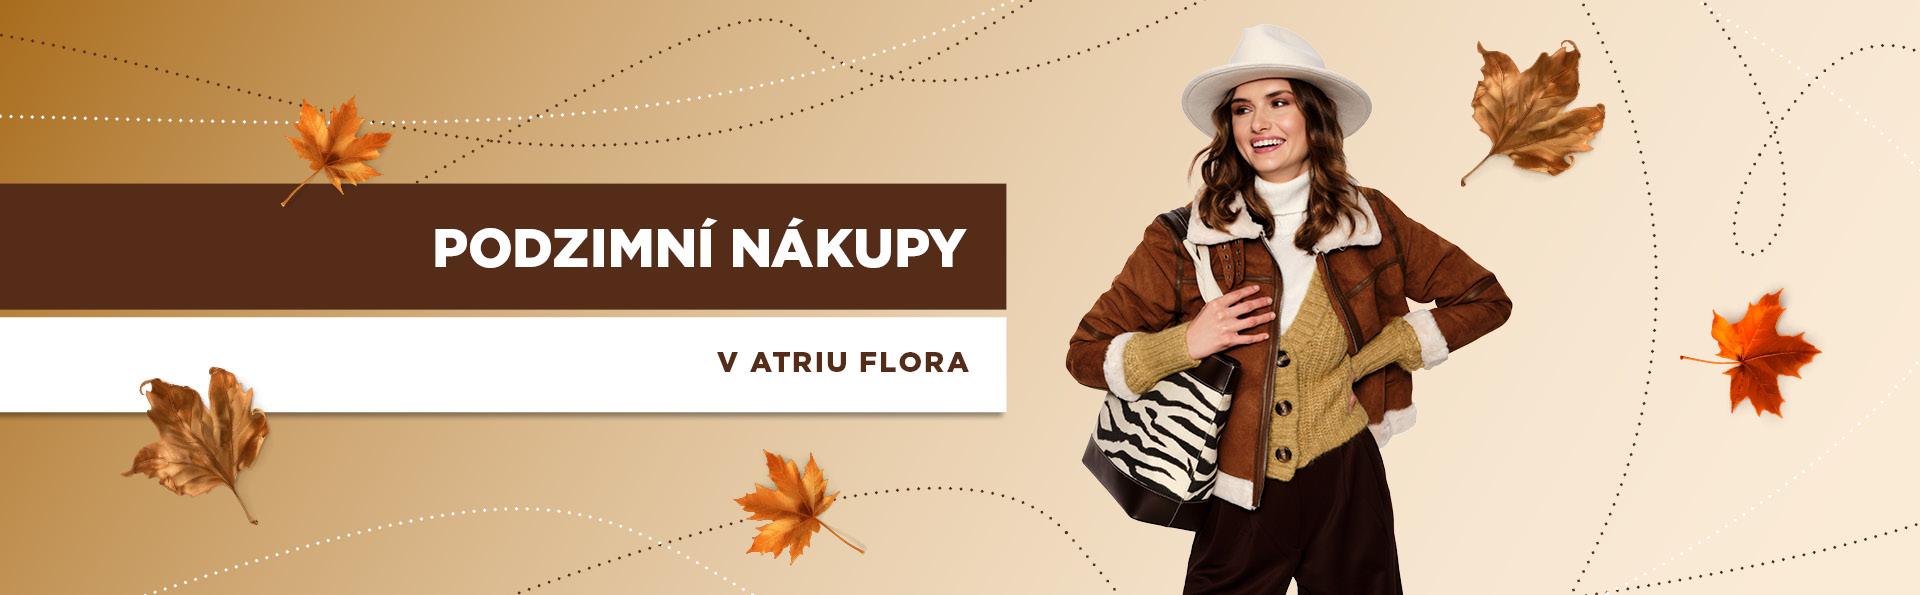 Podzimní nákupy v Atriu Flora
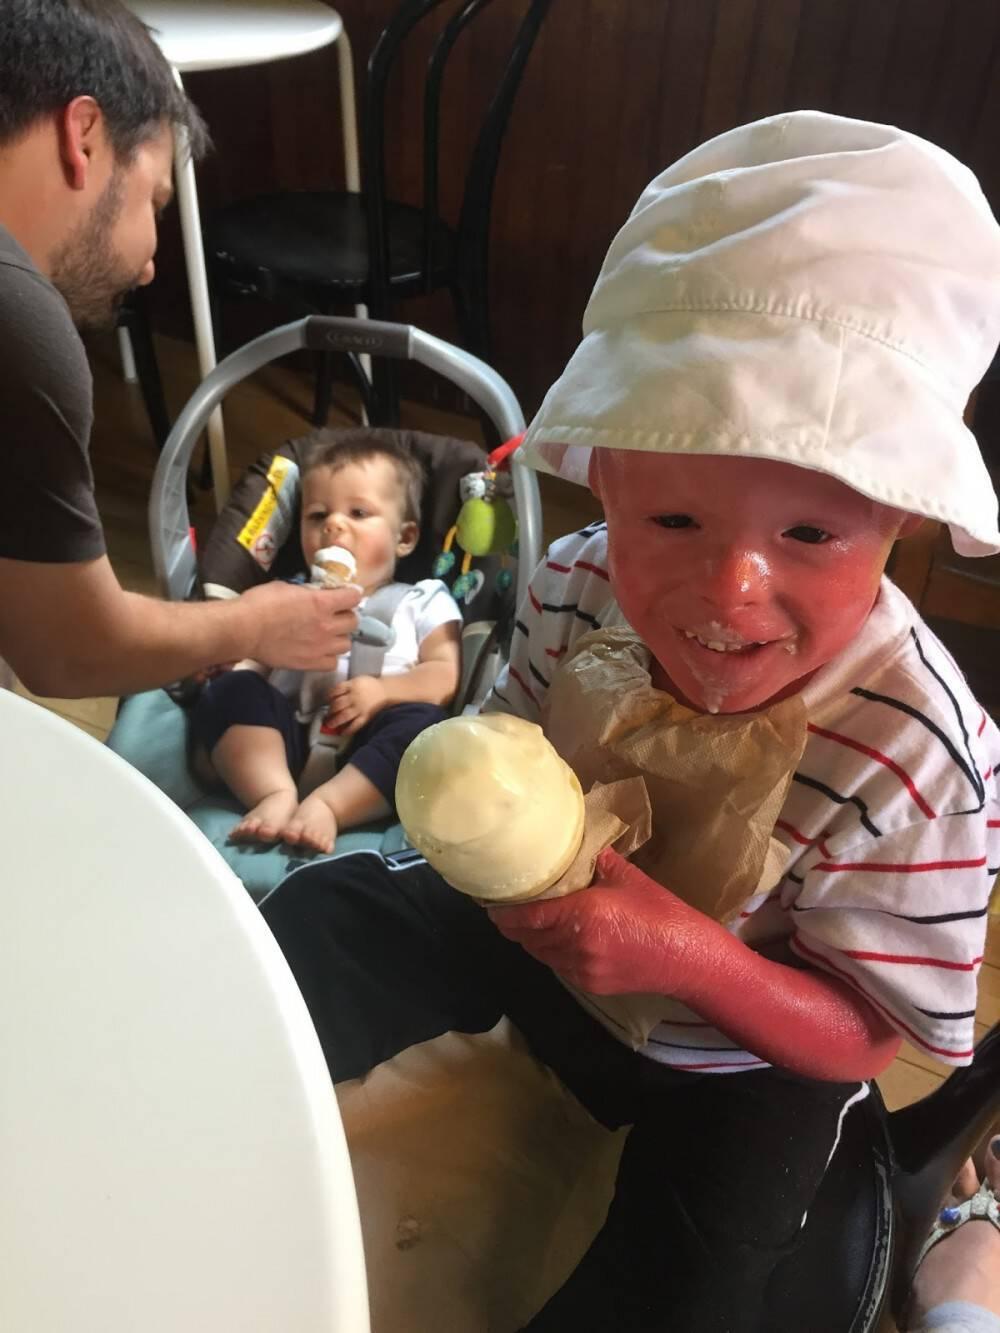 Μωρό γεννιέται με το κορμάκι του καλυμμένο με παχιά λευκά «λέπια». 5 χρόνια μετά, οι γιατροί δεν έχουν ξαναδει πρόσωπο σαν το δικό του.
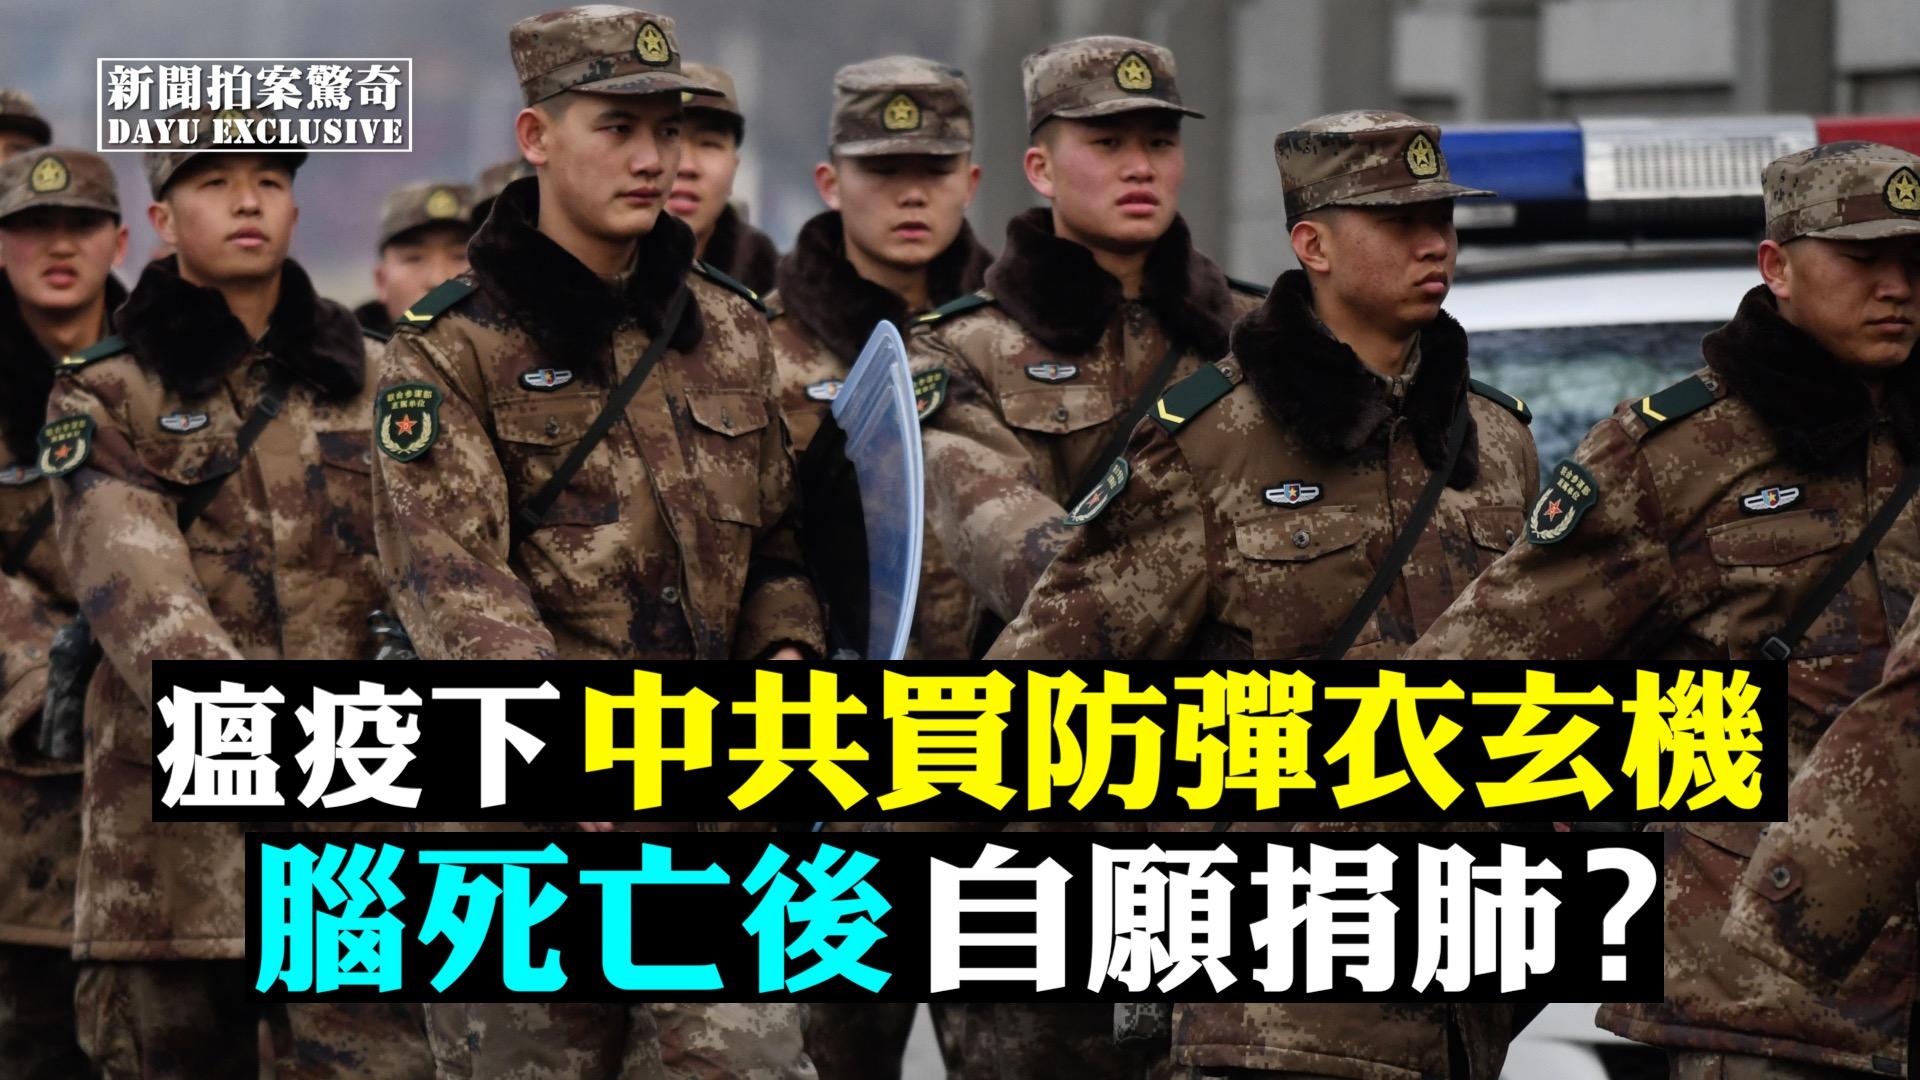 【拍案驚奇】陳秋實生死謎 中共買防彈衣玄機
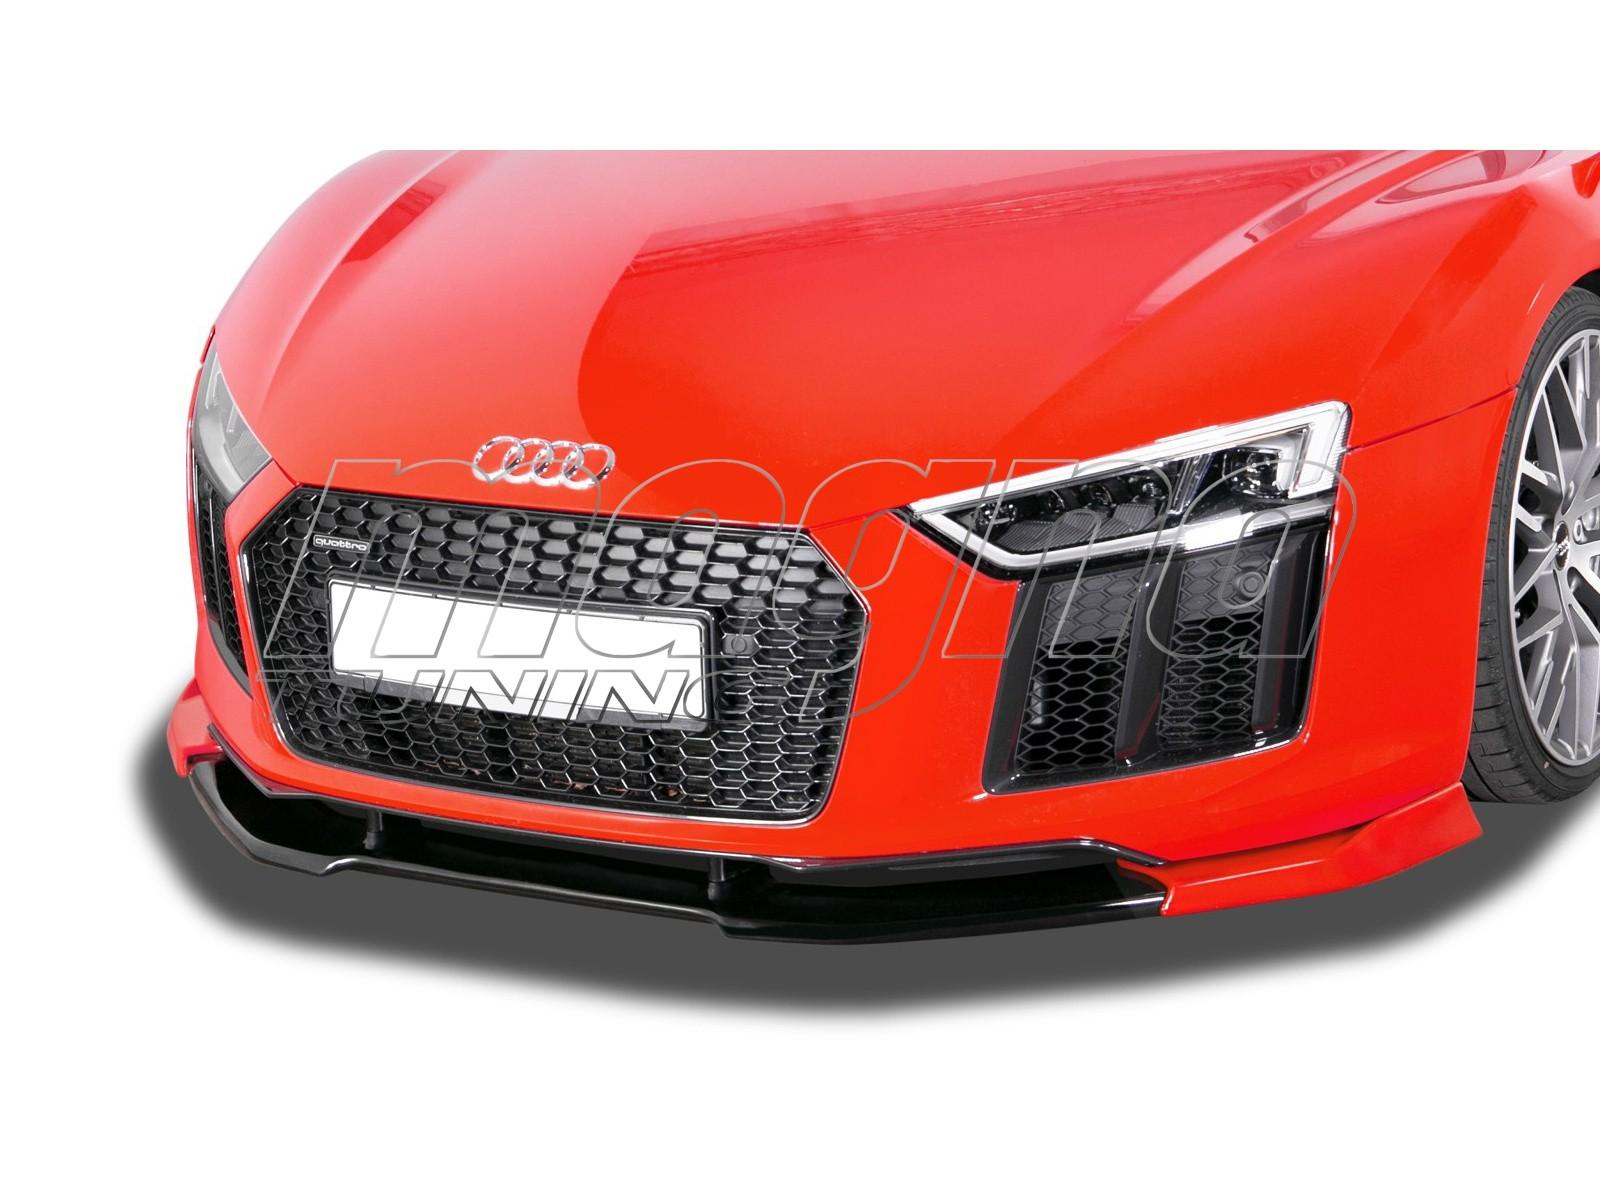 Audi R8 MK2 Extensie Bara Fata Verus-X
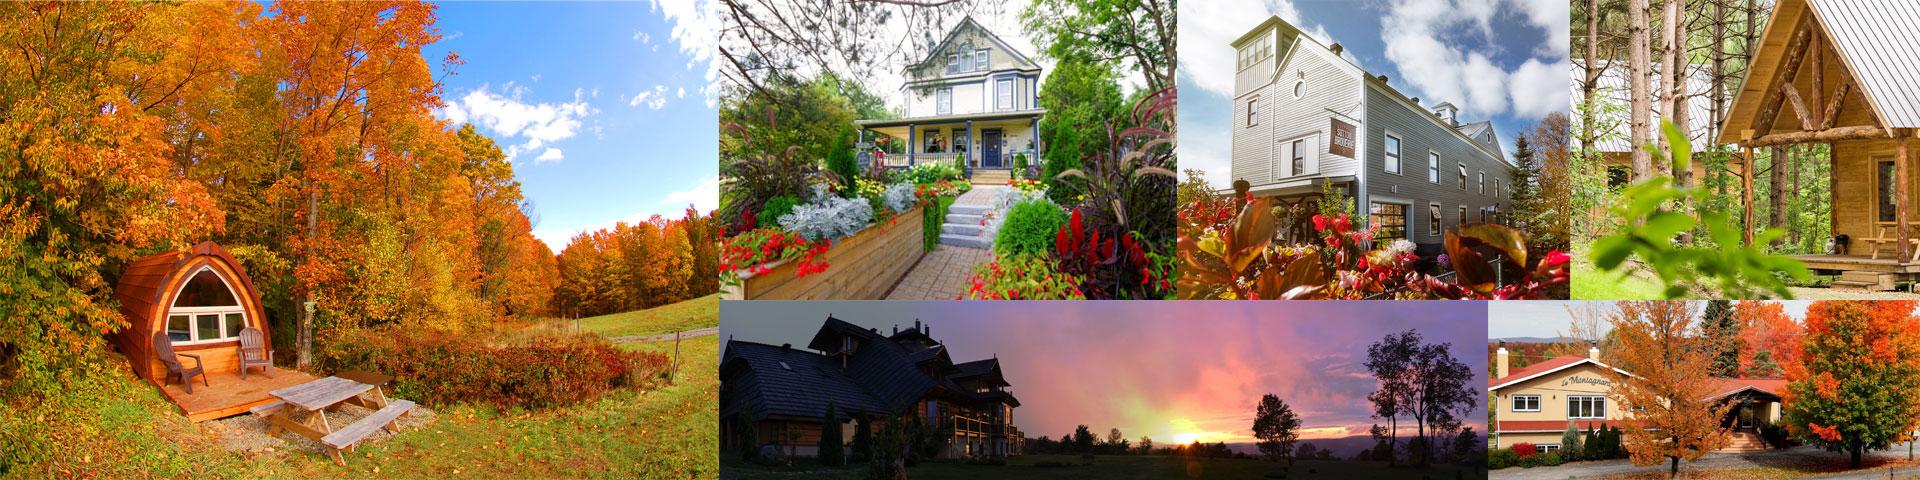 Tourisme Sutton : Où dormir en automne à Sutton

________________________________________

_Assigned task_
Write out exactly, and nothing more than, the lines of the entries above from the line containing "Audi R8 MK2 Extensie Bara Fata Verus-X" through the final line; omit any pictures.

_Answer_
 Audi R8 MK2 Extensie Bara Fata Verus-X
 Tourisme Sutton : Où dormir en automne à Sutton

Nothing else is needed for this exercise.